A: Association between two stimuli → conditioned response.
Q: What is operant conditioning?
A: Behaviour shaped by reinforcement.
Q: What is LTP (Long-Term Potentiation)?
A: Strengthening of synapses following repeated activation.
Q: Role of NMDA receptors in LTP?
A: Allow Ca²⁺ entry → triggers synaptic strengthening.
Q: What is the role of the hippocampus?
A: Consolidation of new declarative memories.
Q: What did patient H.M. demonstrate?
A: Hippocampus is essential for forming new long-term memories but not short-term memory.
Attention & Executive Function
Q: What is attention?
A: Selective processing of information.
Q: What is early vs late selection?
A:
Early: filtering at perceptual level
Late: filtering at semantic level
Q: What did Posner’s cueing paradigm show?
A: Faster responses to validly cued locations → attention enhances processing.

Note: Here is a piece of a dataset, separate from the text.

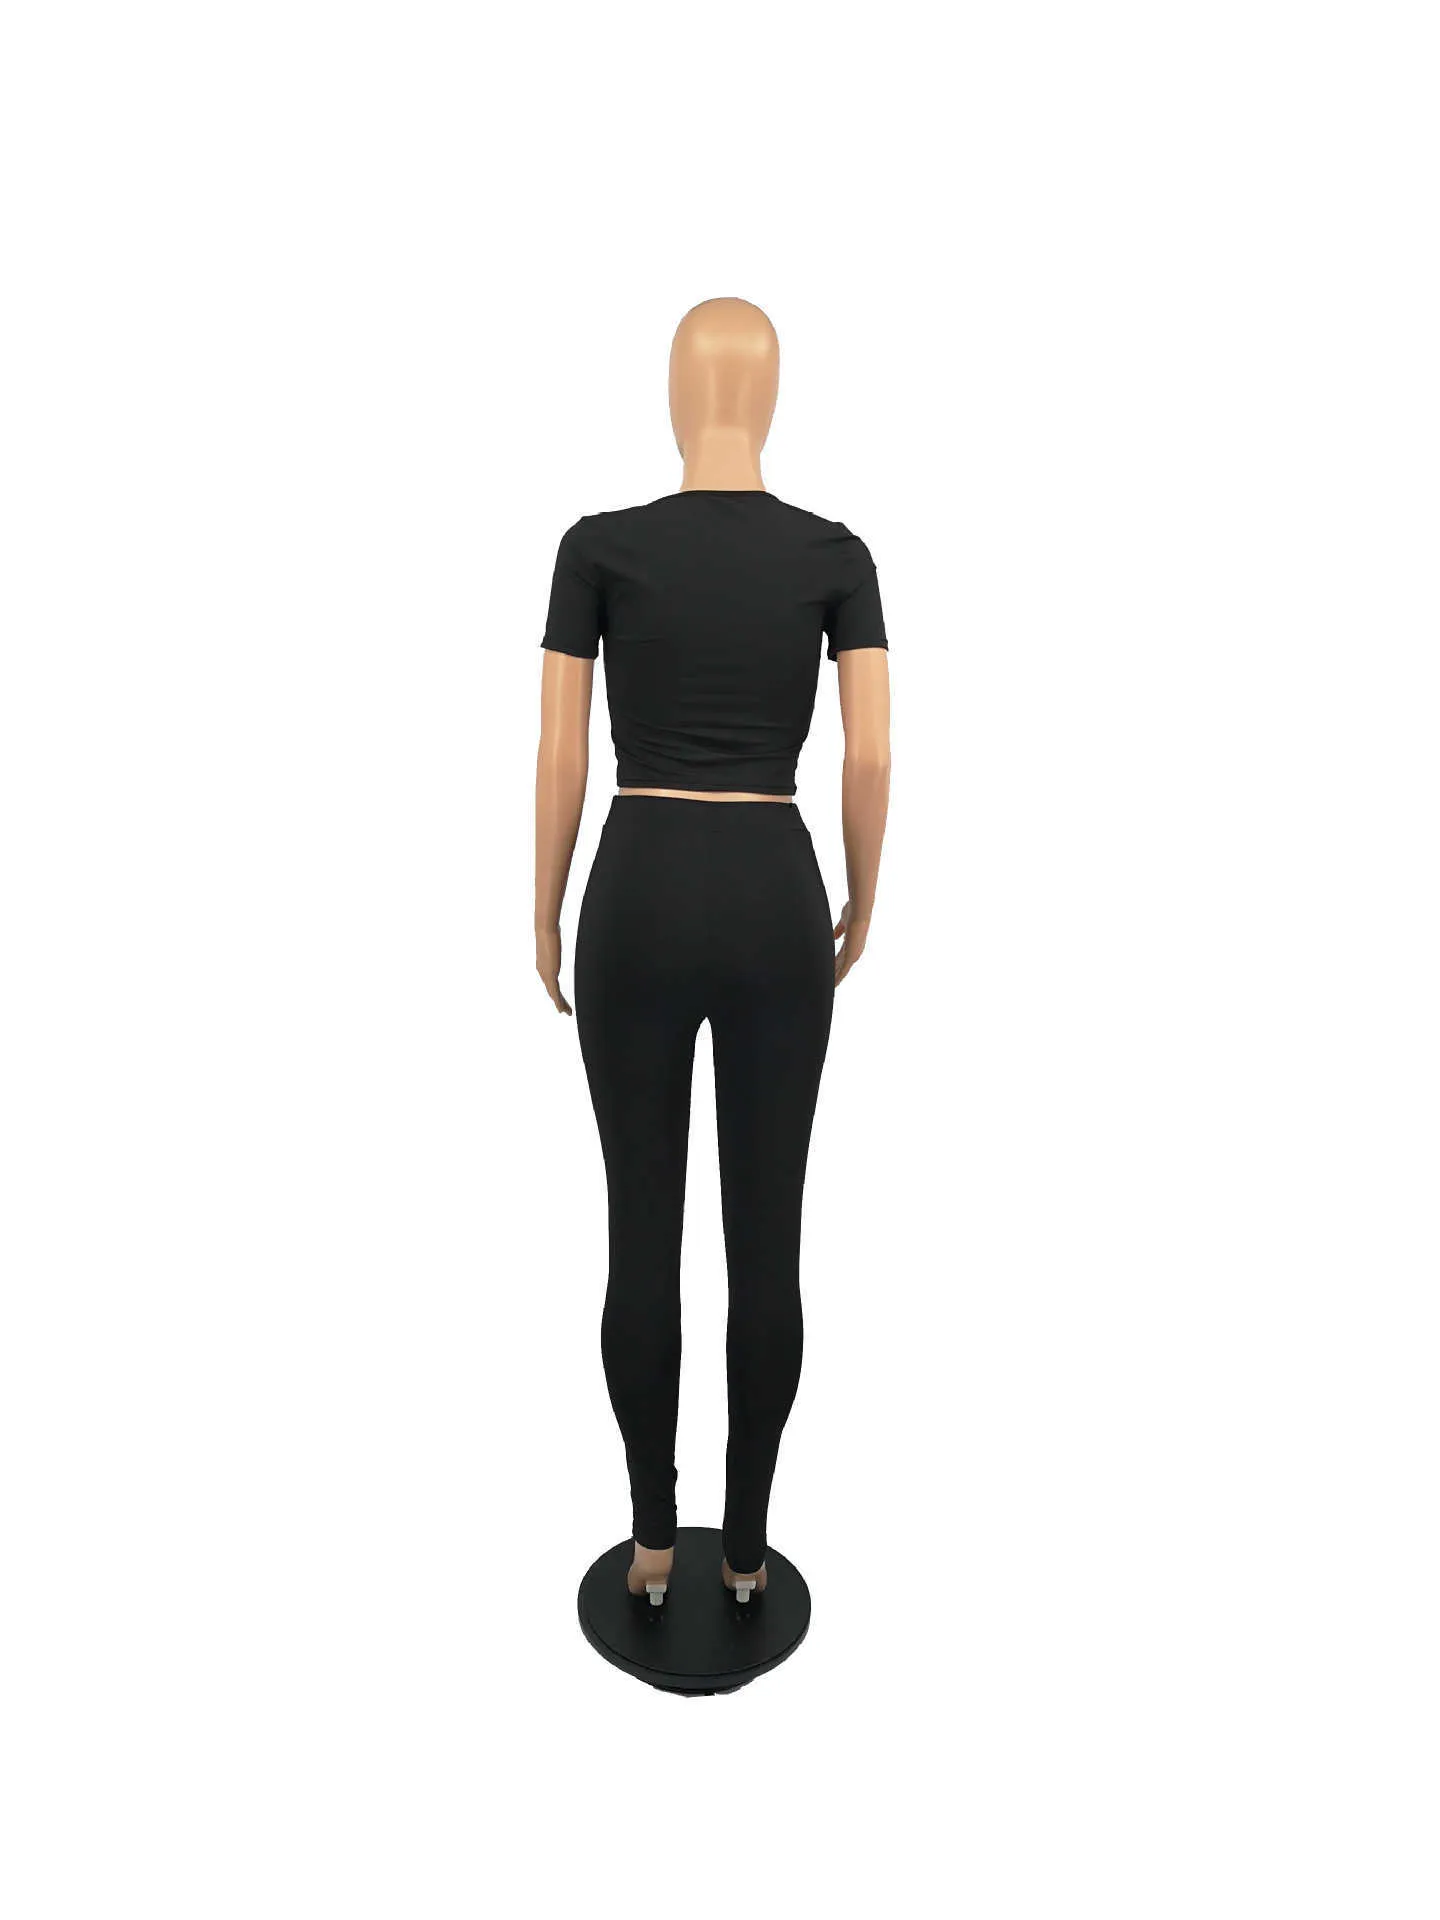 All Black Loungewear Donna Imposta vestiti Manica lunga Crop Top Vita alta Pantaloni da jogging Pantaloni sportivi Abbigliamento fitness sexy 2 pezzi 210525

Q: Difference between top-down and bottom-up attention?
A:
Top-down: voluntary, goal-driven
Bottom-up: automatic, stimulus-driven
Q: What is visual search?
A: Finding a target among distractors.
Q: Feature vs conjunction search?
A:
Feature: “pop-out”
Conjunction: requires attention
Q: What is hemispatial neglect?
A: Failure to attend to one side of space (usually left) after right parietal damage.
Q: Three attentional networks?
A:
Alerting
Orienting
Executive
Q: What are executive functions?
A: Planning, inhibition, working memory, flexible thinking.

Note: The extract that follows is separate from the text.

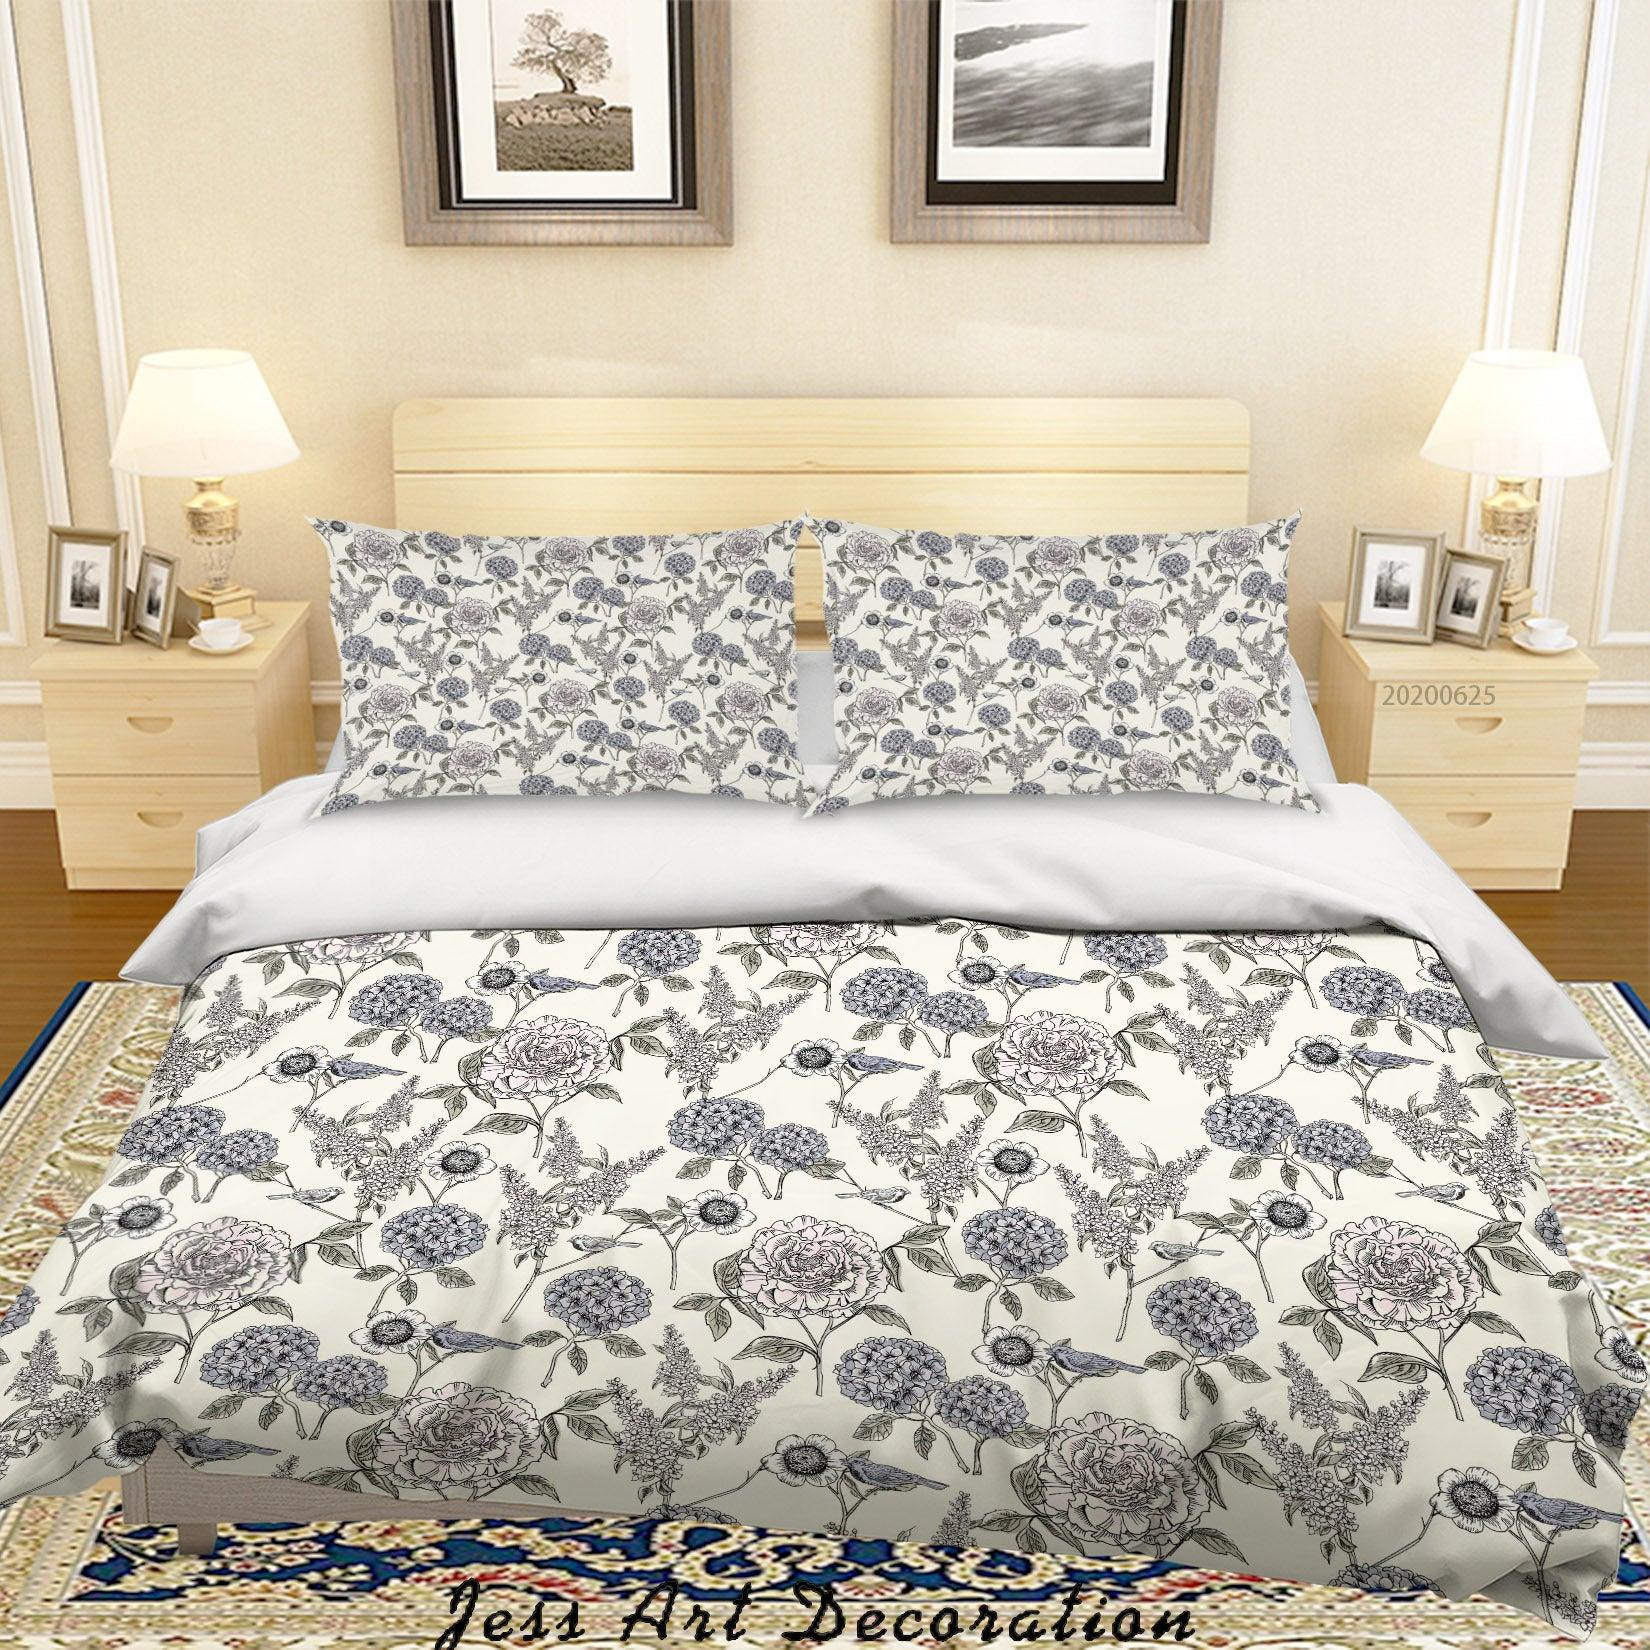 3D White Floral Quilt Cover Set Bedding Set Duvet Cover Pillowcases SF55- Jess Art Decoration

Q: Role of dorsolateral PFC?
A: Working memory and cognitive control.
Q: Role of ventromedial PFC?
A: Emotion, decision-making, impulse control.

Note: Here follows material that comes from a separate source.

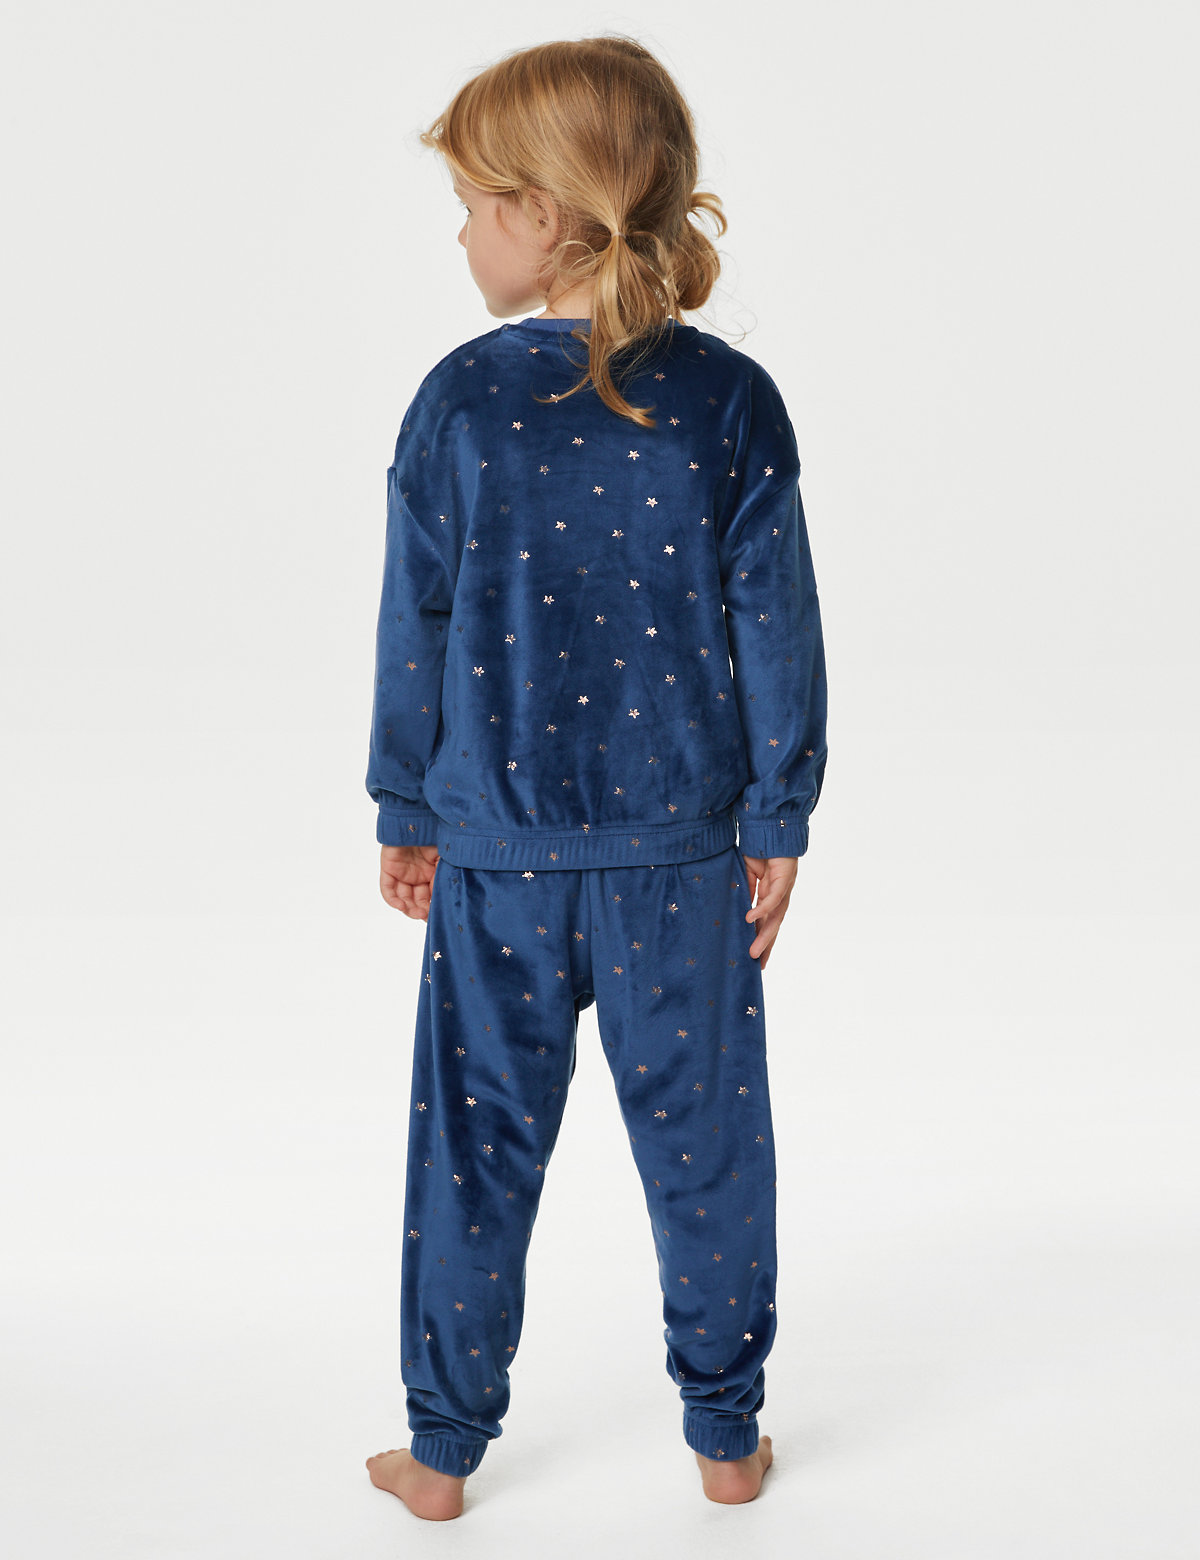 Velour Star Pyjamas (1-8 Yrs)

Q: What is the anterior cingulate cortex (ACC)?
A: Monitors conflict, errors, and guides behaviour.
Q: What is the somatic marker hypothesis?
A: Emotions guide decision-making via bodily signals.
Asymmetry & Consciousness
Q: What is cerebral asymmetry?
A: Functional and anatomical differences between hemispheres.
Q: What connects the hemispheres?
A: Corpus callosum.
Q: What is split-brain syndrome?
A: Disconnection of hemispheres → independent processing.
Q: Which hemisphere is dominant for language?
A: Usually left hemisphere.
Q: Right hemisphere specialization?
A: Visuospatial processing, global perception.
Q: What is blindsight?
A: Ability to respond to visual stimuli without conscious awareness.
Q: What is the Global Neuronal Workspace theory?
A: Consciousness arises when information is widely broadcast across the brain.
Q: What evidence challenges Cartesian dualism?
A: Brain damage alters consciousness → mind depends on brain.